Last week, the European Commission published a “proposal for a regulation of the European Parliament and of the Council on harmonized rules on fair access to and use of data.” Building on the European strategy for data published early in 2020, this Data Act is meant to give European institutions and member states a common set of rules for using and reusing non-personal data from industrial equipment and the internet of things.

My Paris-based colleague, Thomas Husson, wrote a report back in 2020 which argued “Europe’s digital renaissance starts now.” Europe’s then-fresh data strategy and this week’s Data Act are critical pieces of his argument that “industrial B2B platforms are the key to Europe’s technology future.”

The Commission forecasts that the value of the data economy to the European Union’s 27 member states will grow from €301 billion in 2018 to a predicted €829 billion by 2025. But there’s a significant challenge here, and it’s one that I hear again and again in my conversations with Forrester clients: Smaller industrial firms without the talent, confidence, and legal muscle of Europe’s manufacturing giants have picked up a worrying message from years of being told that data is “the new gold.”

Instead of enthusiastically rushing to share their own data and reuse data shared by others, they’re (understandably) taking a far more cautious approach.

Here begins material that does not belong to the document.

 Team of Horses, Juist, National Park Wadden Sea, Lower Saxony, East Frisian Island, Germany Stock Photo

They hear that data is valuable, but they’re not sure how valuable, and they don’t want to sell themselves short. They hear that data can be combined to extract new insights, but they’ve no idea how, and they don’t want a competitor inferring more about their assets and customers than they know themselves. It’s easier, many conclude, not to share than to share too cheaply or too freely.

And even those that take the plunge are struggling: A report of mine on monetizing machine data notes that only 29% of the manufacturers monetizing data in 2019 described their efforts as successful. The Commission seems to understand this, and there are activities underway to help organizations build the skills, confidence, and legal safeguards they’ll need. Europe’s industrial superstars such as Airbus, Bosch, Siemens, or Volkswagen can do a lot, but they recognize that even they can’t build much of an industrial data economy on their own.

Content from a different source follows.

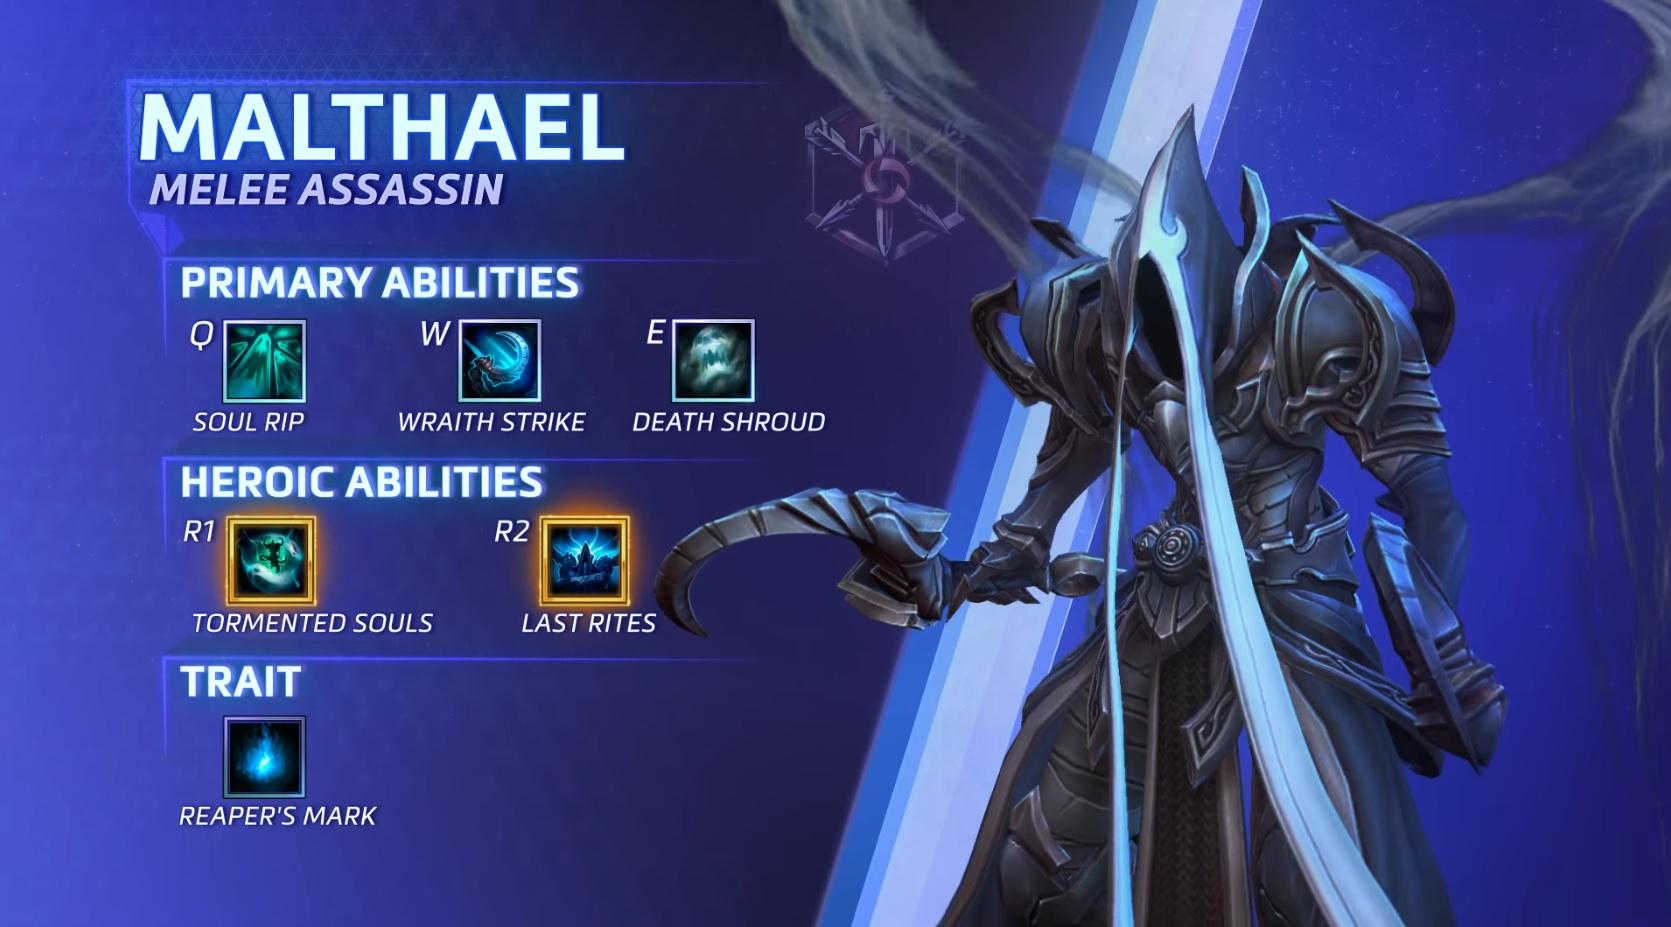 HotS Malthael Abilities

Data Spaces Help Companies Safely Share, Find, Or Monetize Data

And that’s where an important piece of the European data strategy slots into place: the idea of building common data spaces that will be as valuable to the smallest players as they are to the continent’s giants. The Commission proposed nine of these data spaces:

  • Health
  • Industrial & Manufacturing
  • Agriculture
  • Finance
  • Mobility
  • Green Deal
  • Energy
  • Public Administration
  • Skills

A staff working document released with all the other documents the Commission published last week offered a fresh look at progress to date. I’m finishing my own report on the value of industrial and manufacturing data spaces at the moment and may dig into mobility, energy, and (maybe) agriculture at a later date.

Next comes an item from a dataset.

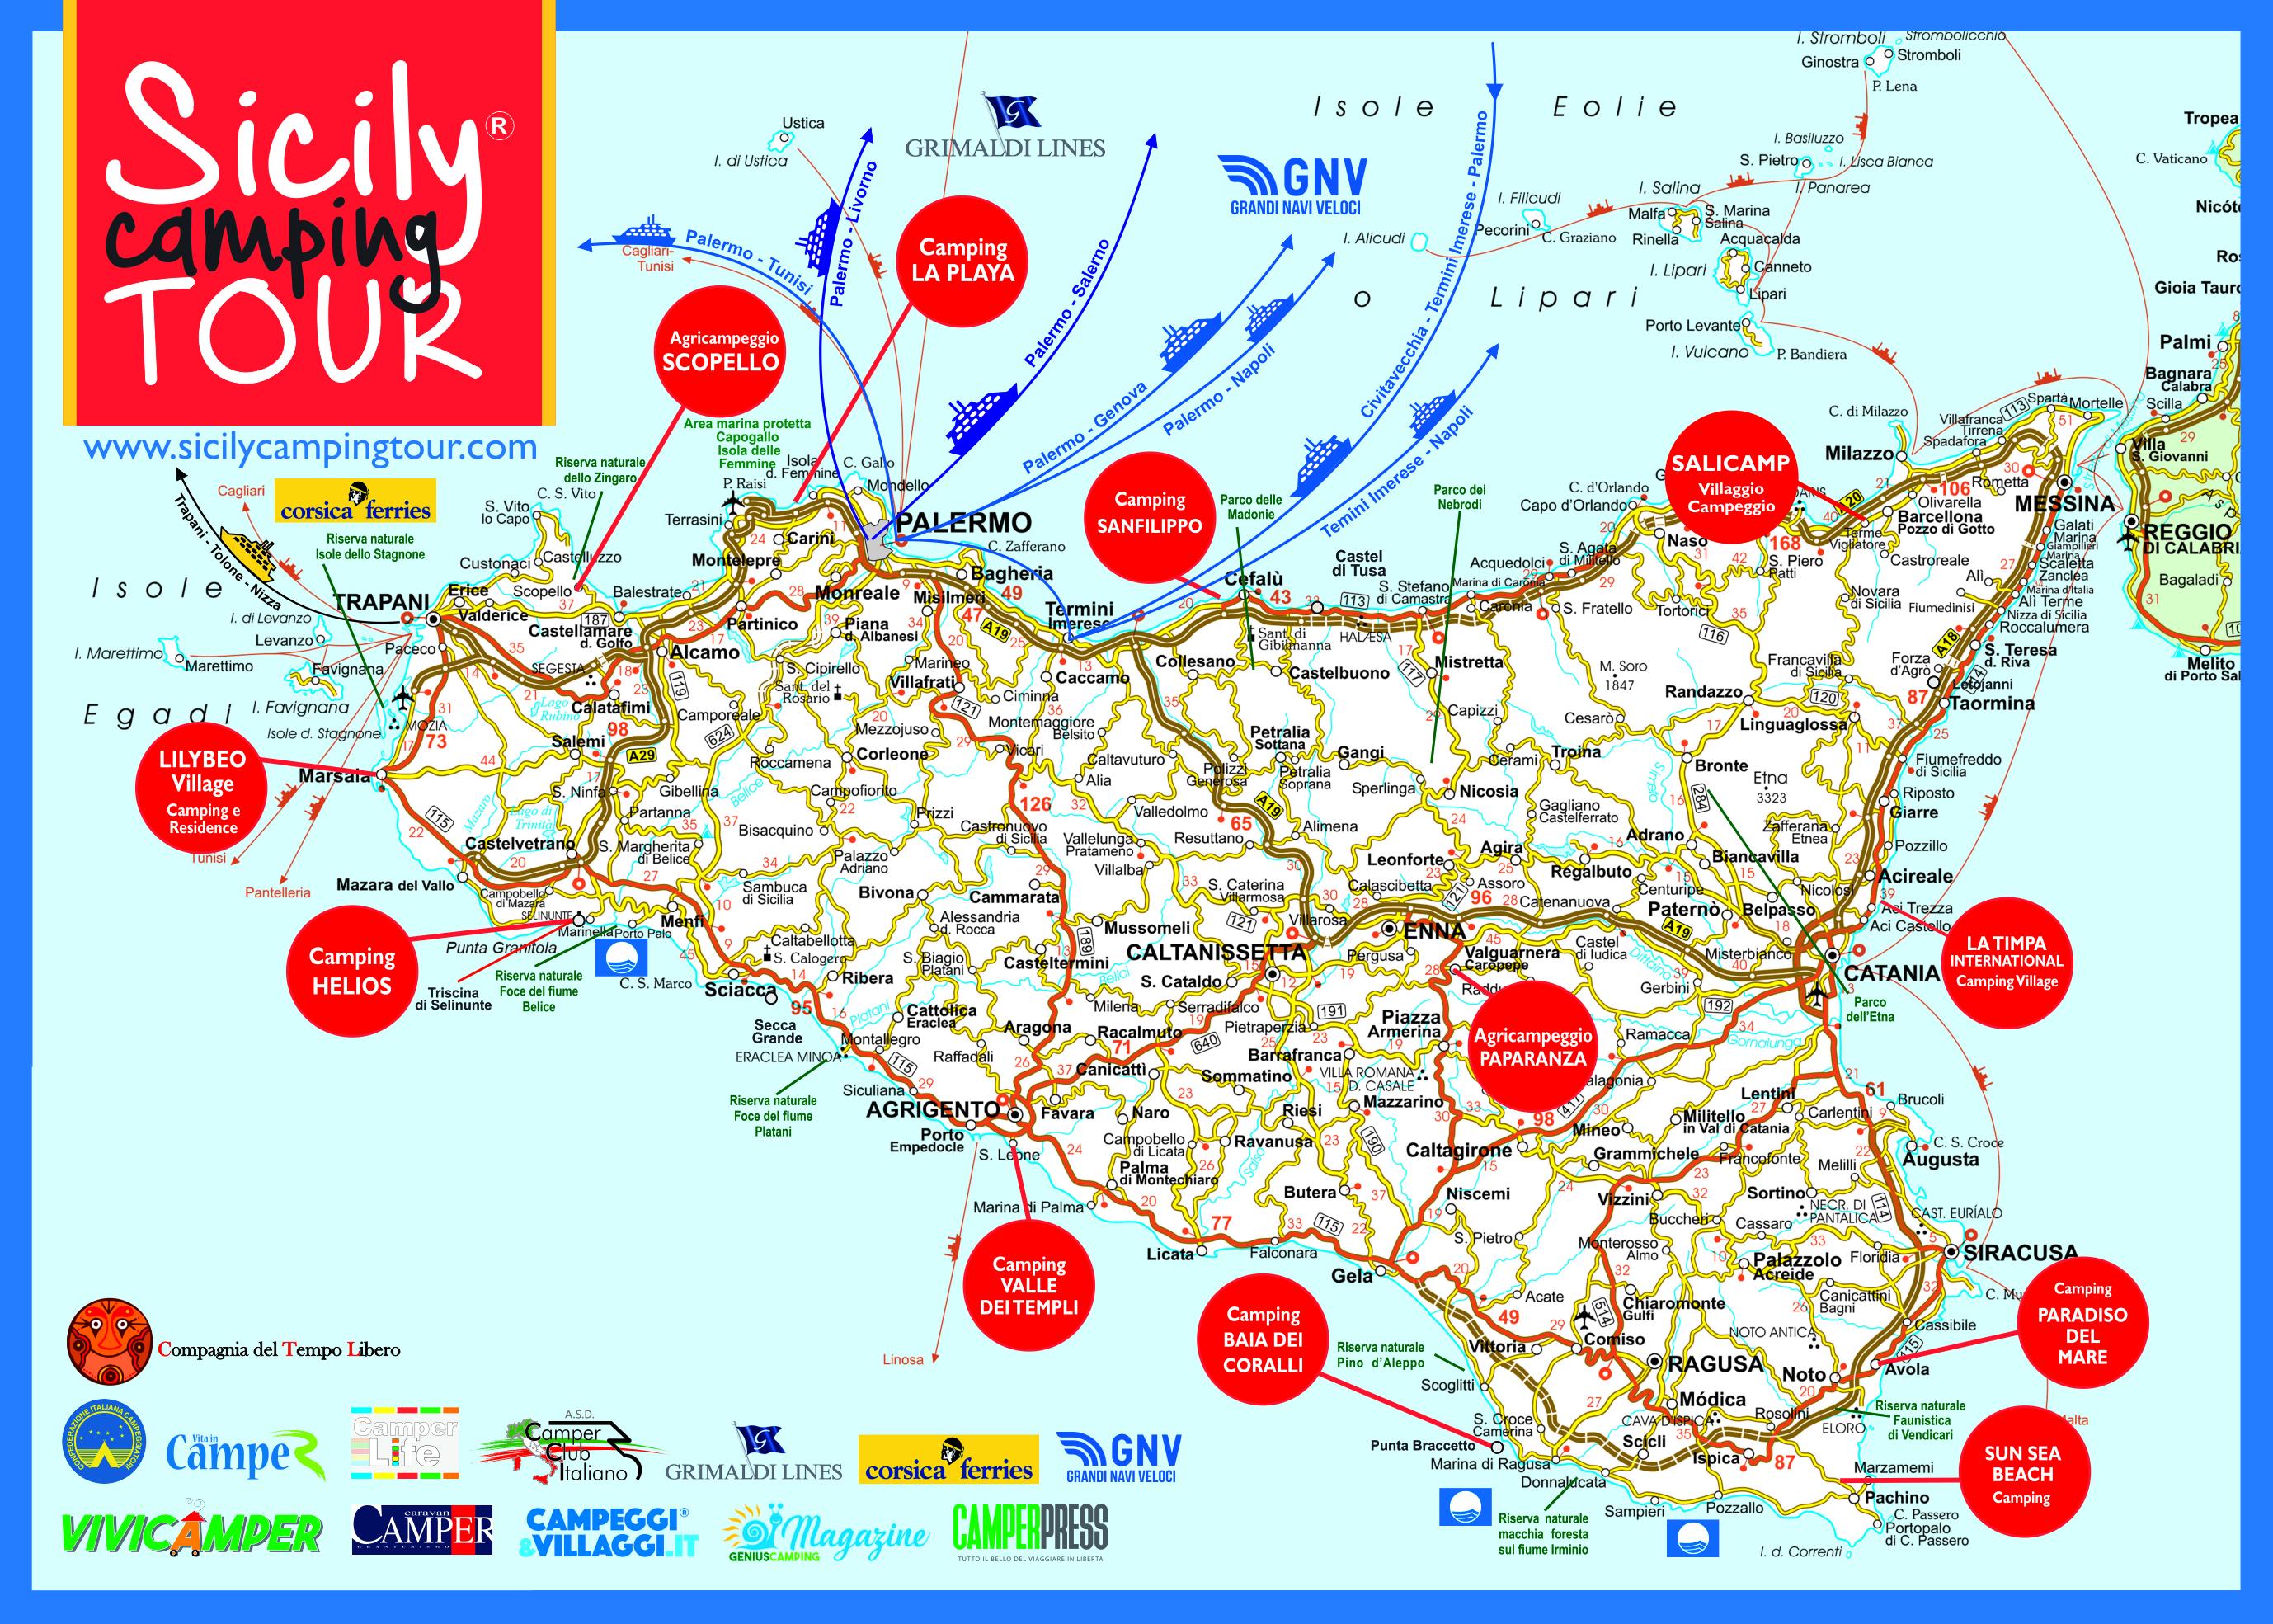 Cartina Sicilia Turistica.Sicilia

These recent documents are the European Commission’s proposal for what the rules should look like. The final result may be quite different, and it will take several years to materialize. But there are important signals here for European firms and for those from whom they buy, to whom they sell, and with whom they partner. To realize the ambition behind these proposals, data must be able to cross Europe’s borders, both inbound and outbound. But everyone — data owners, users, and subjects — must have the confidence that the data is accurate, timely, secure, properly valued, and not subject to misuse. As industrial firms across the continent continue shifting from grease to code, recognizing that data-powered services matter as much as the physical machines, they need to get this right.